Фильм Лоуренса Кэздана «The Big Chill» – «Большое разочарование» (в других переводах – «Большое несчастье», «Большой холод», «Большой озноб») – вышел на экраны США в 1983 году. К тому времени у власти третий год находилась администрация Рональда Рейгана, обещающего победу над «Империей зла», восстановление американской экономики, снижение налогов и усиление рыночной инициативы. В среде адептов леворадикальной фразеологии и участников антивоенных маршей зрело разочарование.
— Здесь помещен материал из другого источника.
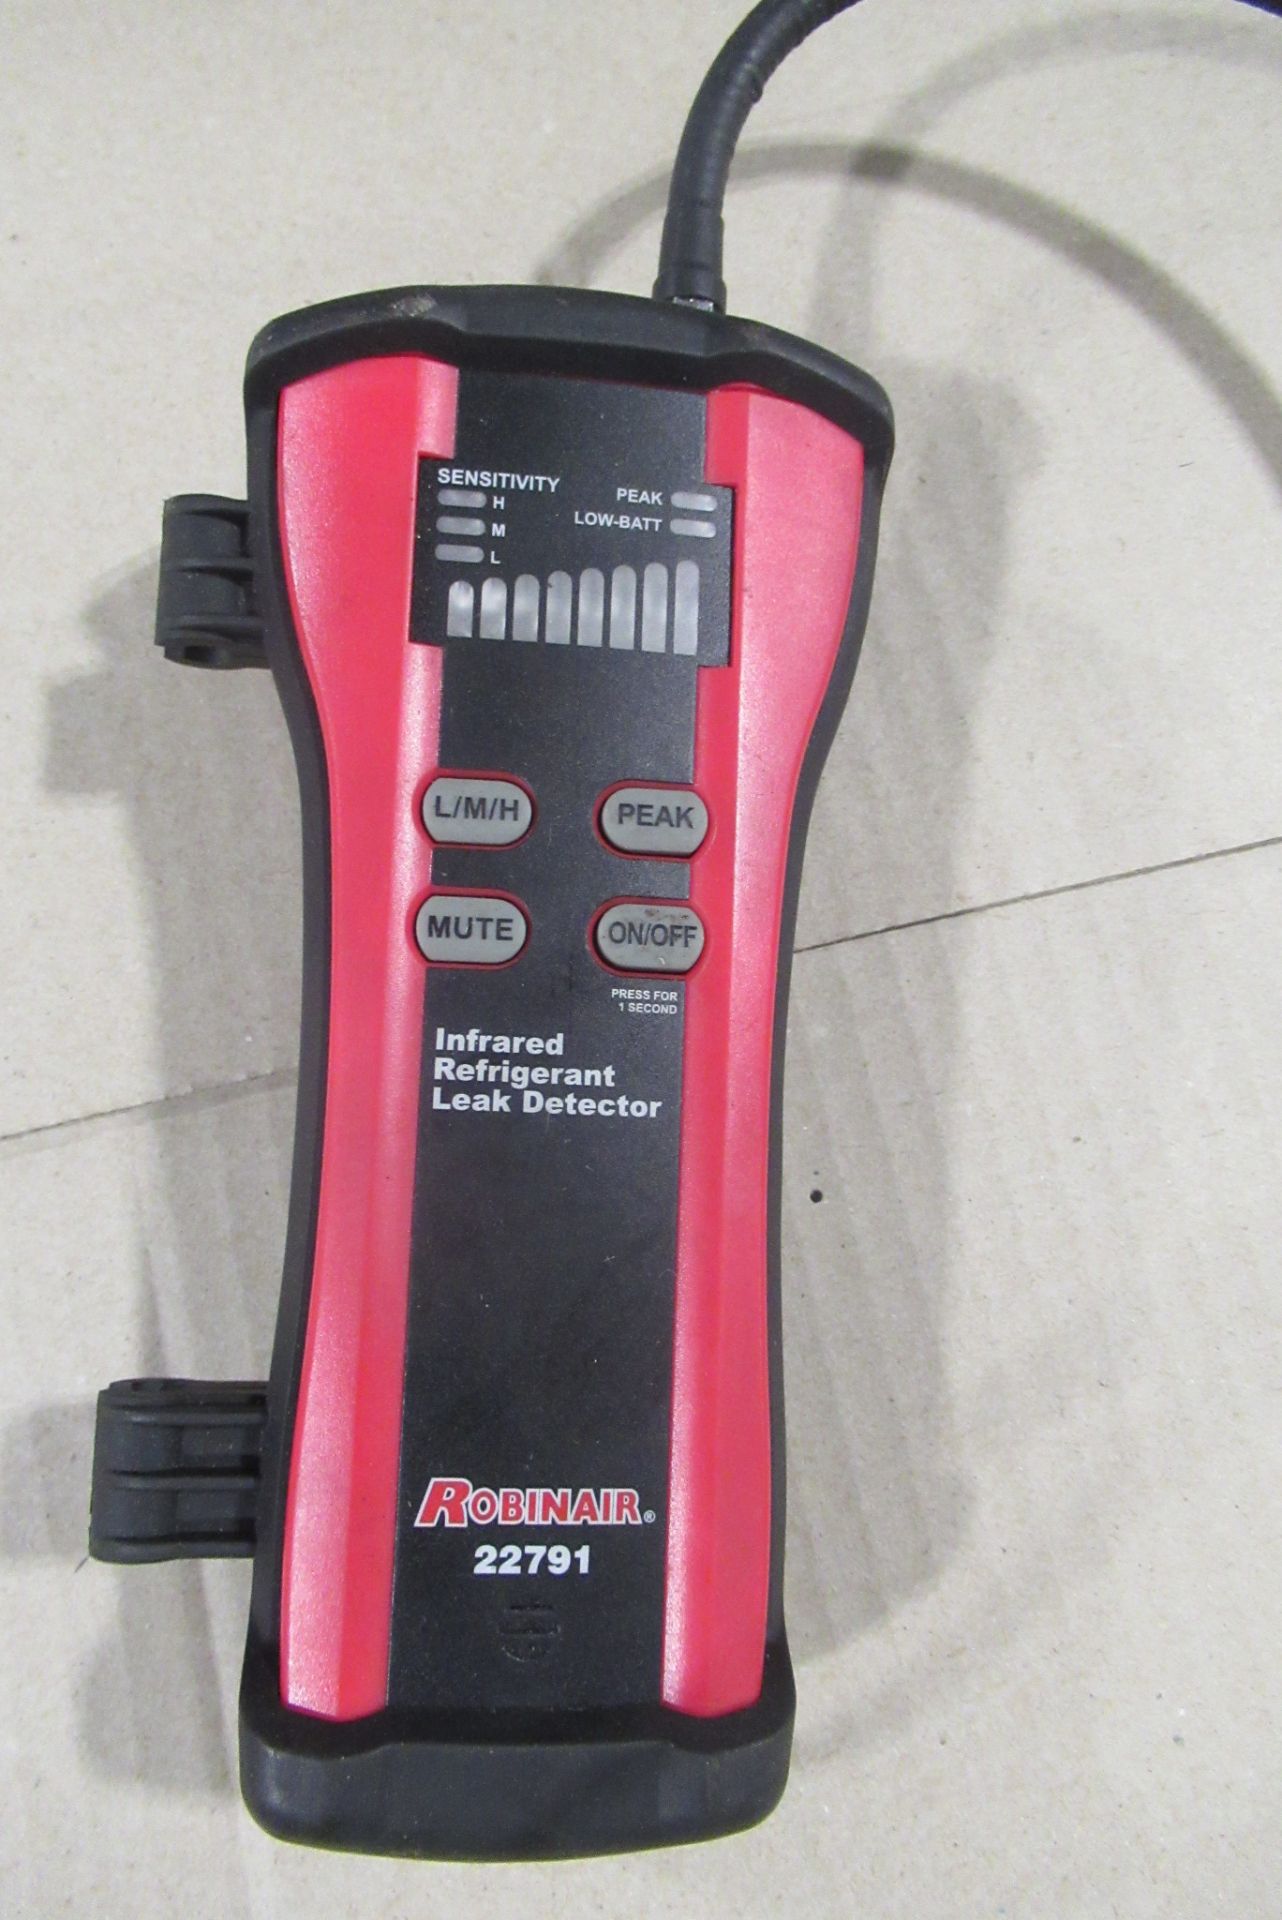 Robinair Infrared Refrigerant Leak Detector - Image 2 of 2

Несмотря на экономический подъем, в воздухе «пахло» крушением идеи «нерепрессивной цивилизации» и «эрозией духа». Кэтрин ван Спэнкерен отмечает: «Прошло еще немного времени, и в свои права вступили восьмидесятые годы – так называемая “эпоха эгоизма”, когда люди стали больше заботиться о своих личных нуждах и уделять меньше внимания серьезным общественным проблемам»[1]. Американское кино 1980-х отражает эту двойную кодификацию общественной жизни: с одной стороны, новый президент и вчерашний актер пропагандирует идею о том, что «кино должно быть развлечением», а с другой – ленты режиссеров поколения «беби-бума», которые формируются как авторы в условиях контркультуры 1960–1970-х годов, демонстрируют социальную и нравственную ностальгию по «бурным 60-м».
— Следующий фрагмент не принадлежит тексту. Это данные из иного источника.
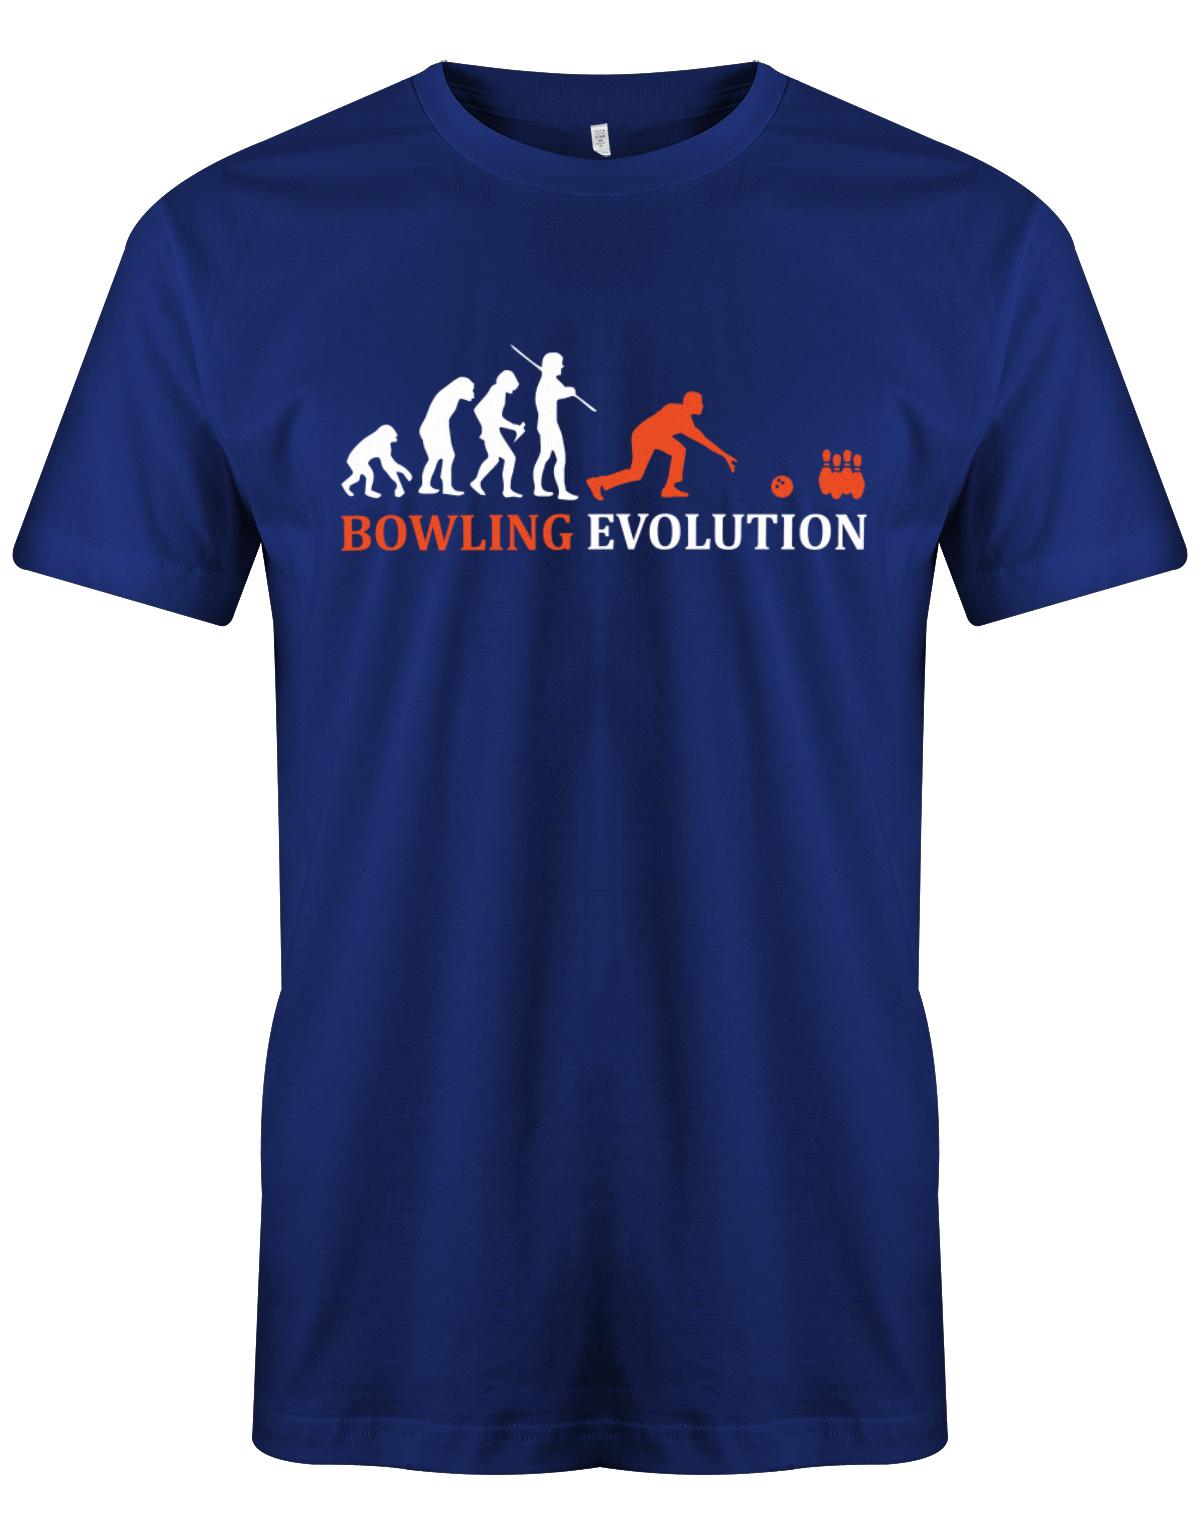 Bowling-Evolution-Bowler-Herren-Shirt-Royalblau

Критика отмечает, что Кэздан, будучи представителем этого кинопоколения, относится к кинематографу как к литературе: для него крайне важны сюжет и диалог. Это не случайно – режиссер получил филологическое образование, и его внимание к тексту, к стилистике фильма сохраняется на всем протяжении творчества. Уже в ранних картинах он обращается к экзистенциальной проблематике. Он дебютирует в 1981 году фильмом «Жар тела» (римейк фильма-нуар 1940-х), а в «Большом разочаровании» показывает процесс взросления поколения хиппи в контексте «рейганомики». Почти одновременно с «Большим разочарованием» на экран выходят еще два фильма с аналогичным сюжетом: «Возвращение Сикокус 7» («Return of the Secaucus 7», 1980) Джона Сейлза и телесериал «Hometown» (1985). Они содержат реминисценции, отсылающие к неспокойным десятилетиям «идей».
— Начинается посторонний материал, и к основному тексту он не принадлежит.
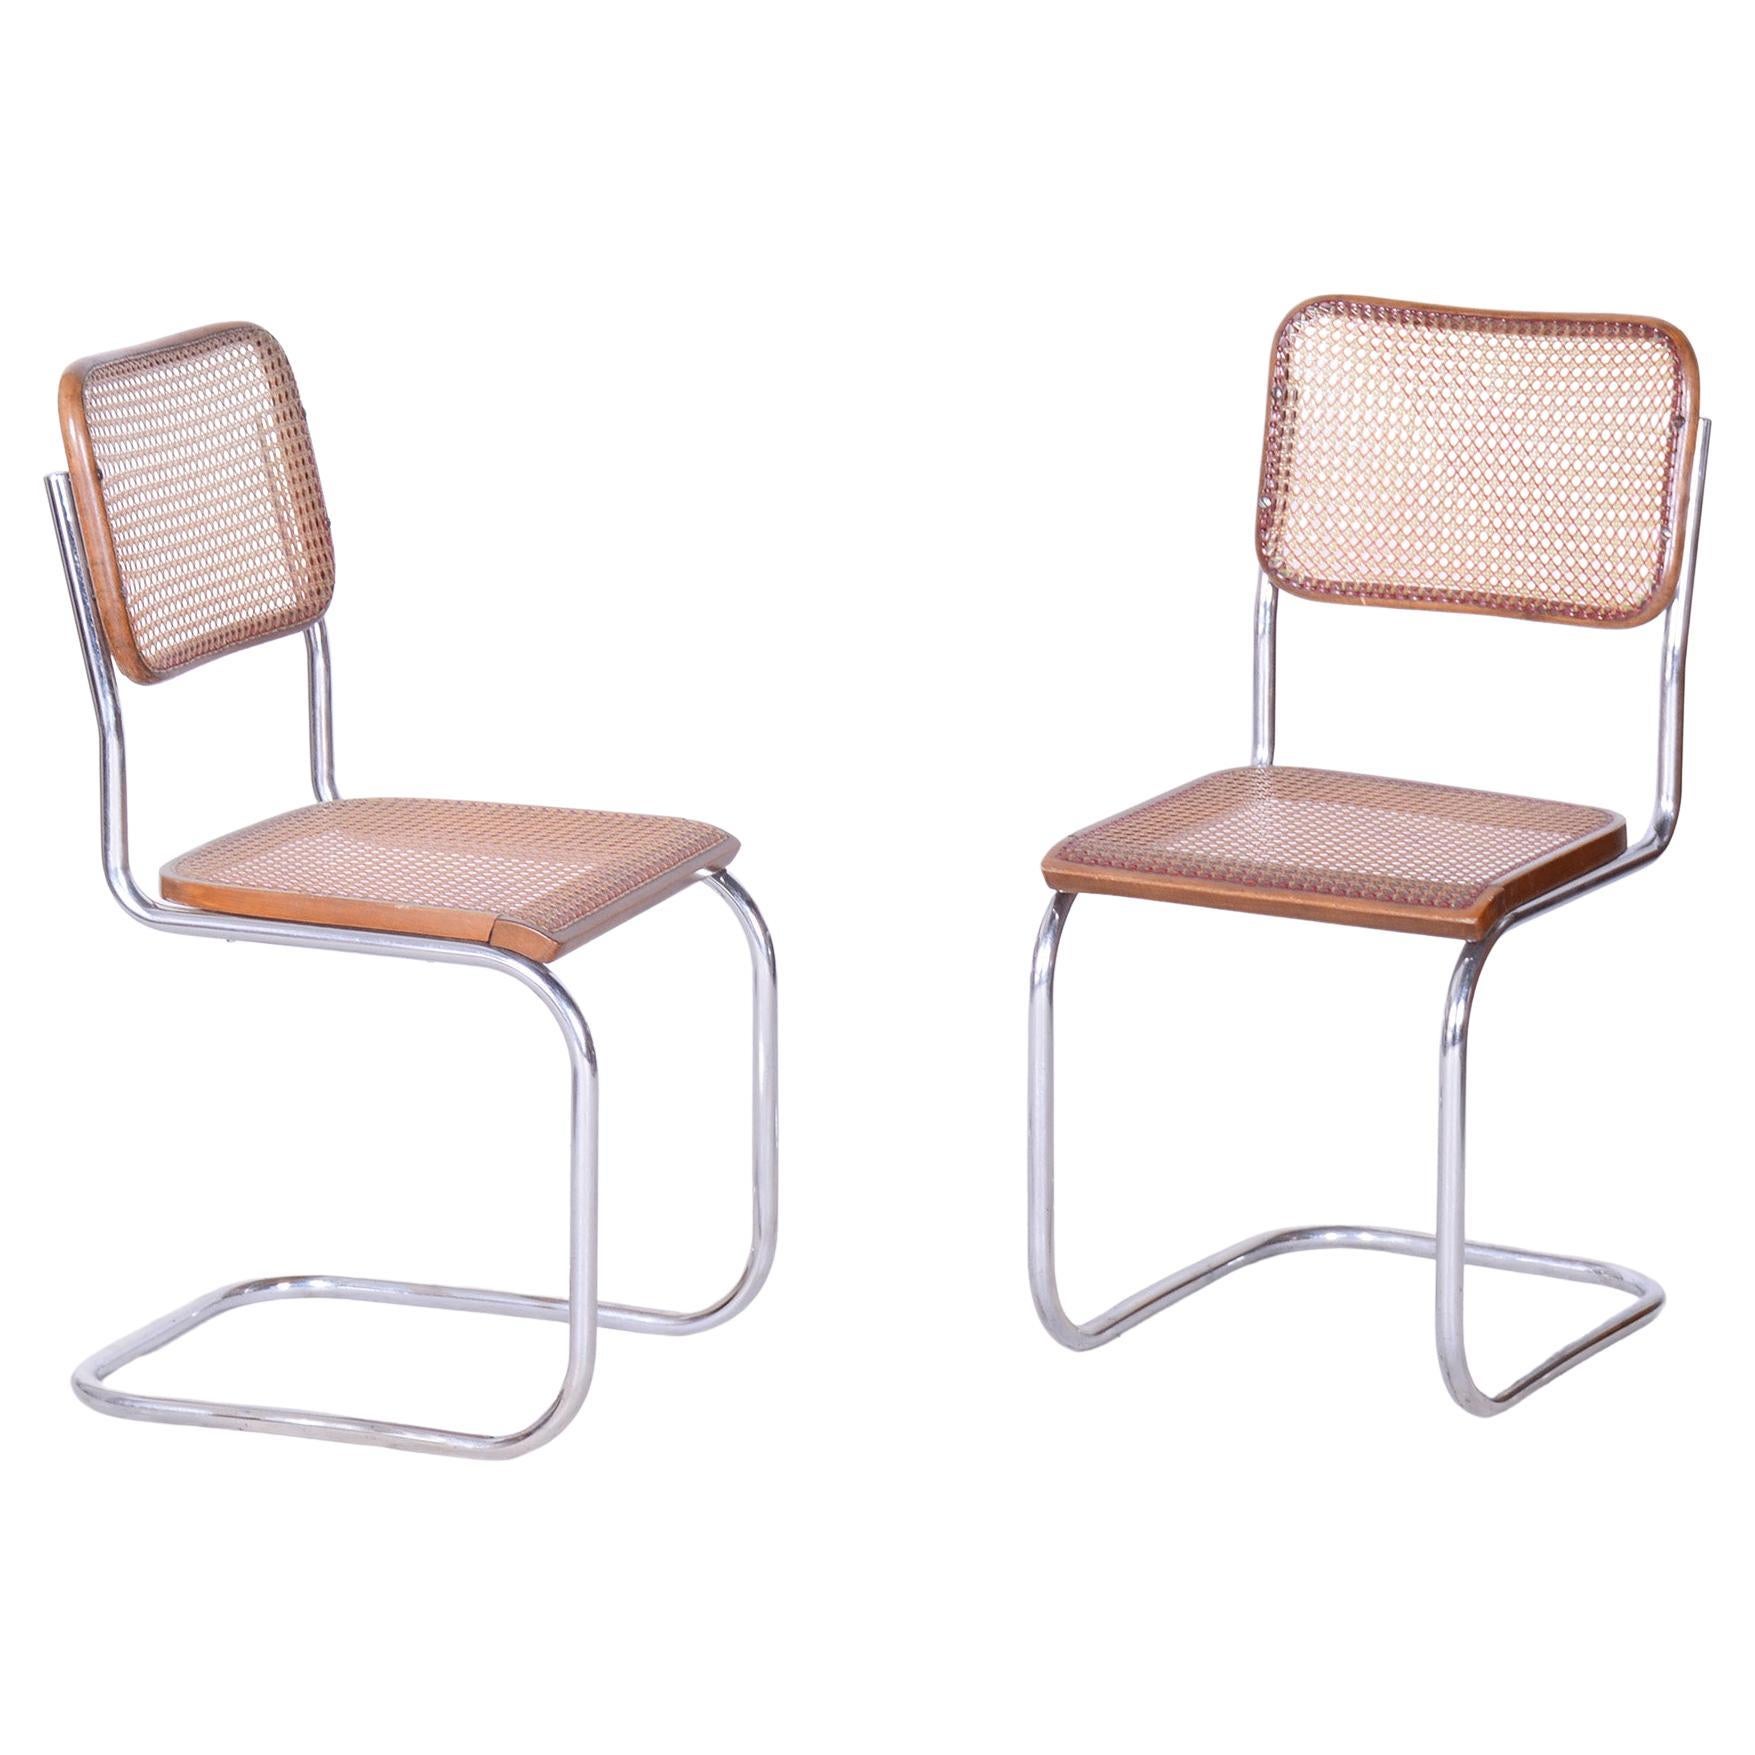 Restored Bauhaus Pair of Chairs, Robert Slezak, Chrome, Beech, Czechia, 1930s

Сюжет фильма «Большое разочарование» предельно прост: его основу составляет встреча бывших однокурсников Мичиганского университета на похоронах их общего приятеля Алекса. Университет Мичигана выбран альма-матер персонажей не случайно. Это не только учебное заведение, которое окончил сам режиссер, но и один из самых престижных университетов США, известный своим демократизмом. Самоубийство 40-летнего Алекса становится сюжетогенным событием фильма, лишенным экранной мотивировки. Его причины скрыты и для персонажей, и для зрителя. Разгадка неожиданного самоубийства должна превратиться в основную коллизию фильма, чей непритязательный сюжет актуализирует ряд акцентов, важных для искусства и мироощущения 1980-х годов.

Первый сигнал, указывающий на знаковость случившегося, дает саунд Марвина Гея «I Heard It through the Grapevine» («Я услышал это через виноградную лозу»). Он сопровождает сцены сообщения о смерти героя и приезда друзей на похороны. Эта песня, написанная в 1966 году и ставшая эмблемой соул-хитов 1960-х, озвучивает образ безмолвно плачущей Сары, узнавшей о смерти Алекса. Страшная весть о его самоубийстве вторгается в идиллическую картину семьи Купер (Гленн Клоуз и Кевин Клайн), в упорядоченный дом Кэрин (ДжоБет Уильямс), в офис Мэг (Мэри Кэй Плэйс). Майкл (Джефф Голдблюм), Сэм (Том Беренджер) и Ник (Уильям Хёрт) застигнуты врасплох, и каждый истерически реагирует на произошедшее: первый не может совладать с нервами, второй утешается водкой и комплиментами стюардессы, третий принимает «коктейль» из наркотиков в своей холостяцкой машине. Самоубийство Алекса выглядит невозможным, даже неприличным на фоне жизни остальных героев, у которых и без того множество проблем. Но Алекс скандализировал свой дружеский круг еще при жизни. Он отказался от многообещающей карьеры физика, предпочтя ей несолидную и плохо оплачиваемую работу. У него не было ни семьи, ни собственного жилья, он проживал в летнем домике семьи Купер с юной девушкой Хлои (Мэг Тилли).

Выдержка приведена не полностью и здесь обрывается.